In Figure 1. an untrusted client, or `Userspace` in Operating Systems terms, creates a program in the front-end language of her choice, (like C/C++/Rust/Lua), and compiles it with LLVM to the Solana Bytecode object. This object file is a standard ELF. We use the section headers in the ELF format to annotate memory in the object such that the Kernel aka the Solana blockchain, can safely and efficiently load it for execution.
The computationally expensive work of converting frontend languages into programs is done locally by the client. The output is a ELF with specific section headers and with a bytecode as its target that is designed for quick verification and conversion to the local machine instruction set that Solana is running on.
## Solana Bytecode
Our bytecode is based on Berkley Packet Filter. The requirements for BPF overlap almost exactly with the requirements we have
1. Deterministic amount of time to execute the code
2. Bytecode that is portable between machine instruction sets
3. Verified memory accesses
4. Fast to load the object, verify the bytecode and JIT to local machine instruction set
For 1, we can unroll the loops, and for any jumps back we can guard them with a check against the number of instruction that have been executed at this point.

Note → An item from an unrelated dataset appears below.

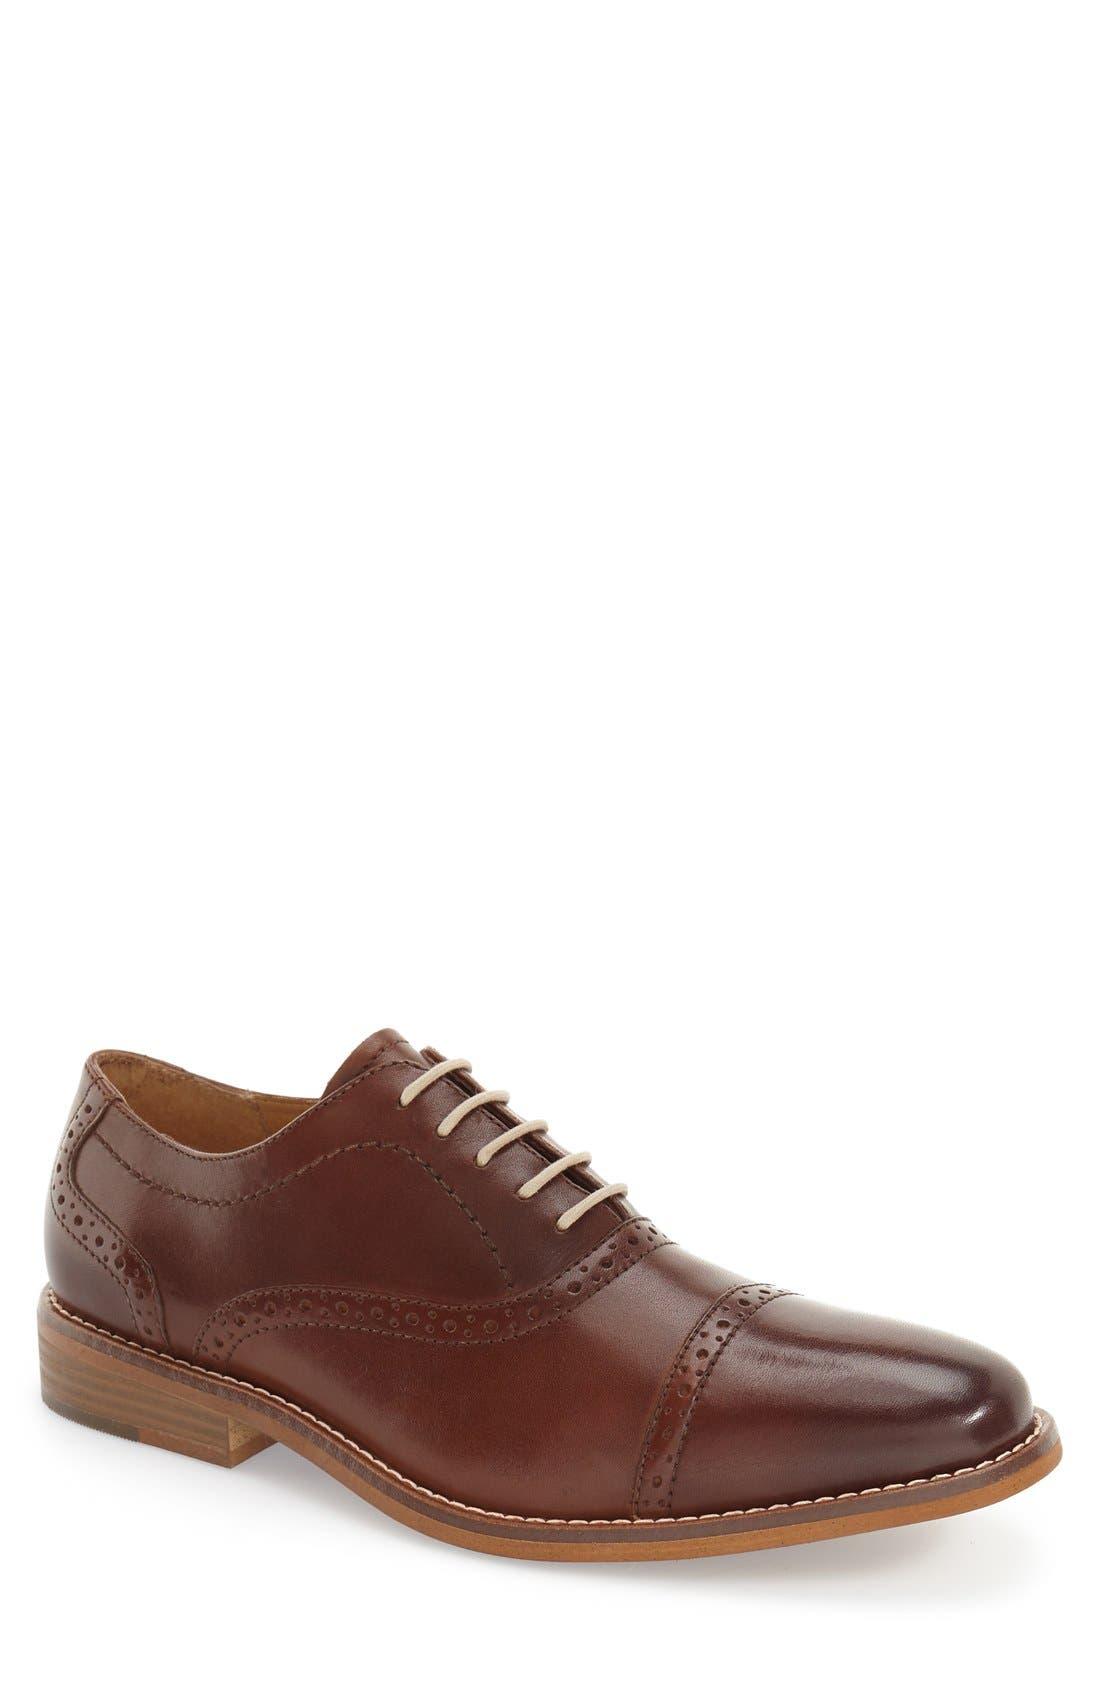 G.H. Bass & Co. 'Carnell' Cap Toe Oxford (Men)

If the limit is reached, the program yields. This involves saving the stack and current instruction index to the RW segment of the elf.
For 2, the BPF bytecode already easily maps to x86–64, arm64 and other instruction sets.

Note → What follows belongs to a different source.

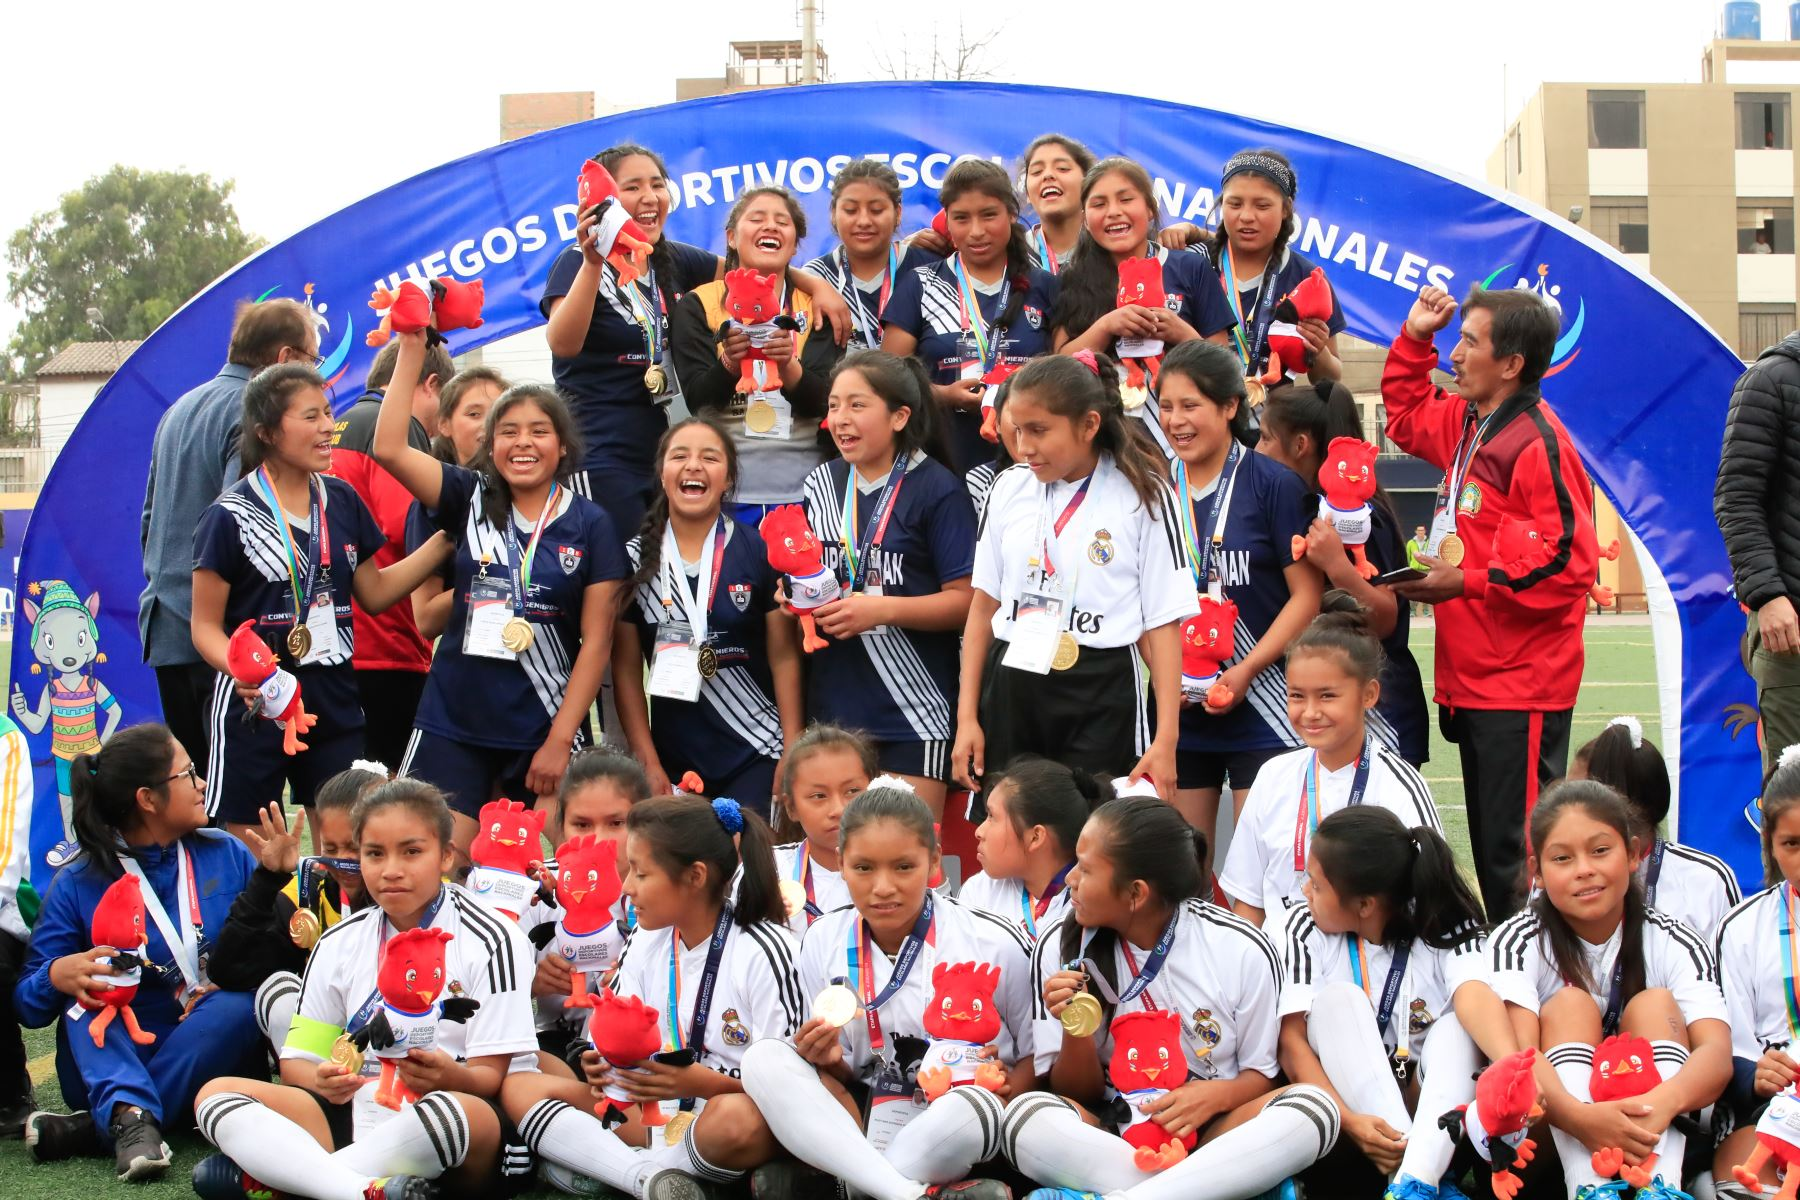 El Presidente de la República Martín Vizcarra premió a las ganadoras del campeonato de fútbol femenino en el marco de los Juegos Deportivos Escolares Nacionales sede Bartolomé Herrera.  Foto: Andina/Juan Carlos Guzmán Negrini

For 3, every load and store that is PC relative can be checked to be within the ELF. Dynamic load and stores can dynamically guard against load and stores to dynamic memory.
For 4, Statically linked elf with just a signle R/RX/RW segments. Effectively we are linking with `-static --nostd -target bpf` and a linker script to collect everything into a single spot. The R segment is for read only instance data that is populated by the loader.
## Loader
The loader is our first smart contract. The job of this contract is to load the actual program with its own instance data.
To parallelize smart contract execution we plan on breaking up contracts into distinct sections, Map/Collect/Reduce/Finalize. These distinct sections are the interface between the ELF and the Kernel that is executing it. Memory is loaded into the symbols defined in these sections, and relevant constants are set.
The contract's object file implements a map function and lays out memory that is allocated per transaction. It then yields itself to a collect call that is schedule to run sometime later.
finalize is then called when some final condition occurs. This could be when the time expires on the contract, or from a direct call to finalize itself, such as yield(finalize).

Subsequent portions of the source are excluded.